## INPUT FOR THIS TASK:
▼▼▼
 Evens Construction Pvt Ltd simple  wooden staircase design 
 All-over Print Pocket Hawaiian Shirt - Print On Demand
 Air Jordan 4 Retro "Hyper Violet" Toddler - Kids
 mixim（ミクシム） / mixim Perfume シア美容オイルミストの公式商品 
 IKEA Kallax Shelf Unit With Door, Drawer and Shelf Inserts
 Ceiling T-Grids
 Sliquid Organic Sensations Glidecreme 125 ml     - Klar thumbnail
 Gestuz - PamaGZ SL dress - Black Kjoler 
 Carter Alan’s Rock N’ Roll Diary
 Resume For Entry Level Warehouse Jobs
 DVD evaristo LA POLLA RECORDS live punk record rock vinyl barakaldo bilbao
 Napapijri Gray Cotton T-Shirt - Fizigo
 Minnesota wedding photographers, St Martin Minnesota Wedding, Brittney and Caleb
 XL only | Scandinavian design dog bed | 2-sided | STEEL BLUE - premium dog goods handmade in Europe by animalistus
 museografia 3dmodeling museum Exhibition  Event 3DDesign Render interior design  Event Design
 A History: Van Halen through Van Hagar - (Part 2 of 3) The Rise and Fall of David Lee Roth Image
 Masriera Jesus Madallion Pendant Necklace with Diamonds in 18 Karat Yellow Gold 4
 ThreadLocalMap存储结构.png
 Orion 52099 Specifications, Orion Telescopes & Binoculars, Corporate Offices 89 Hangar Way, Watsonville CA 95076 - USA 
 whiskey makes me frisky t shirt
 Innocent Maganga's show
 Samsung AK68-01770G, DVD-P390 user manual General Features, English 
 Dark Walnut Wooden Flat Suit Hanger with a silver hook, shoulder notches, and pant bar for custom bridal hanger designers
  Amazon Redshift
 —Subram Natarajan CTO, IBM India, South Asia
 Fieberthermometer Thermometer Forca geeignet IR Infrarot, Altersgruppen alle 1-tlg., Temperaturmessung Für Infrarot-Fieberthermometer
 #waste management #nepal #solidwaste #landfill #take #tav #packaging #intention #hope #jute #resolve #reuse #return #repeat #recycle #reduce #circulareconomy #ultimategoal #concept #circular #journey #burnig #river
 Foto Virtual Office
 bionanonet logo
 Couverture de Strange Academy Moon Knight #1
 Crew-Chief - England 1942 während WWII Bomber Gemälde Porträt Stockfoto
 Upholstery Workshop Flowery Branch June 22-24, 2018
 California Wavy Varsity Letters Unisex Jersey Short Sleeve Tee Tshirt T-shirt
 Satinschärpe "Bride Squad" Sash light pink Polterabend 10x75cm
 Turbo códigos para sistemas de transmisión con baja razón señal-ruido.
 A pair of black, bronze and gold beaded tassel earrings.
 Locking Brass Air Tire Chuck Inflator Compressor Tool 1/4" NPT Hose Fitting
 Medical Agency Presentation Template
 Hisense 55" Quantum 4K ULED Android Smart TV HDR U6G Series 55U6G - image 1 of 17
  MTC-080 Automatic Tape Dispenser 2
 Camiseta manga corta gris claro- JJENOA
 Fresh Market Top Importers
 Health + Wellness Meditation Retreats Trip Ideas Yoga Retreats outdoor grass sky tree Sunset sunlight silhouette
▲▲▲
## REQUIRED WORK:
Write out the entries in full, exactly as given.

## TASK RESPONSE:
 Evens Construction Pvt Ltd simple  wooden staircase design 
 All-over Print Pocket Hawaiian Shirt - Print On Demand
 Air Jordan 4 Retro "Hyper Violet" Toddler - Kids
 mixim（ミクシム） / mixim Perfume シア美容オイルミストの公式商品 
 IKEA Kallax Shelf Unit With Door, Drawer and Shelf Inserts
 Ceiling T-Grids
 Sliquid Organic Sensations Glidecreme 125 ml     - Klar thumbnail
 Gestuz - PamaGZ SL dress - Black Kjoler 
 Carter Alan’s Rock N’ Roll Diary
 Resume For Entry Level Warehouse Jobs
 DVD evaristo LA POLLA RECORDS live punk record rock vinyl barakaldo bilbao
 Napapijri Gray Cotton T-Shirt - Fizigo
 Minnesota wedding photographers, St Martin Minnesota Wedding, Brittney and Caleb
 XL only | Scandinavian design dog bed | 2-sided | STEEL BLUE - premium dog goods handmade in Europe by animalistus
 museografia 3dmodeling museum Exhibition  Event 3DDesign Render interior design  Event Design
 A History: Van Halen through Van Hagar - (Part 2 of 3) The Rise and Fall of David Lee Roth Image
 Masriera Jesus Madallion Pendant Necklace with Diamonds in 18 Karat Yellow Gold 4
 ThreadLocalMap存储结构.png
 Orion 52099 Specifications, Orion Telescopes & Binoculars, Corporate Offices 89 Hangar Way, Watsonville CA 95076 - USA 
 whiskey makes me frisky t shirt
 Innocent Maganga's show
 Samsung AK68-01770G, DVD-P390 user manual General Features, English 
 Dark Walnut Wooden Flat Suit Hanger with a silver hook, shoulder notches, and pant bar for custom bridal hanger designers
  Amazon Redshift
 —Subram Natarajan CTO, IBM India, South Asia
 Fieberthermometer Thermometer Forca geeignet IR Infrarot, Altersgruppen alle 1-tlg., Temperaturmessung Für Infrarot-Fieberthermometer
 #waste management #nepal #solidwaste #landfill #take #tav #packaging #intention #hope #jute #resolve #reuse #return #repeat #recycle #reduce #circulareconomy #ultimategoal #concept #circular #journey #burnig #river
 Foto Virtual Office
 bionanonet logo
 Couverture de Strange Academy Moon Knight #1
 Crew-Chief - England 1942 während WWII Bomber Gemälde Porträt Stockfoto
 Upholstery Workshop Flowery Branch June 22-24, 2018
 California Wavy Varsity Letters Unisex Jersey Short Sleeve Tee Tshirt T-shirt
 Satinschärpe "Bride Squad" Sash light pink Polterabend 10x75cm
 Turbo códigos para sistemas de transmisión con baja razón señal-ruido.
 A pair of black, bronze and gold beaded tassel earrings.
 Locking Brass Air Tire Chuck Inflator Compressor Tool 1/4" NPT Hose Fitting
 Medical Agency Presentation Template
 Hisense 55" Quantum 4K ULED Android Smart TV HDR U6G Series 55U6G - image 1 of 17
  MTC-080 Automatic Tape Dispenser 2
 Camiseta manga corta gris claro- JJENOA
 Fresh Market Top Importers
 Health + Wellness Meditation Retreats Trip Ideas Yoga Retreats outdoor grass sky tree Sunset sunlight silhouette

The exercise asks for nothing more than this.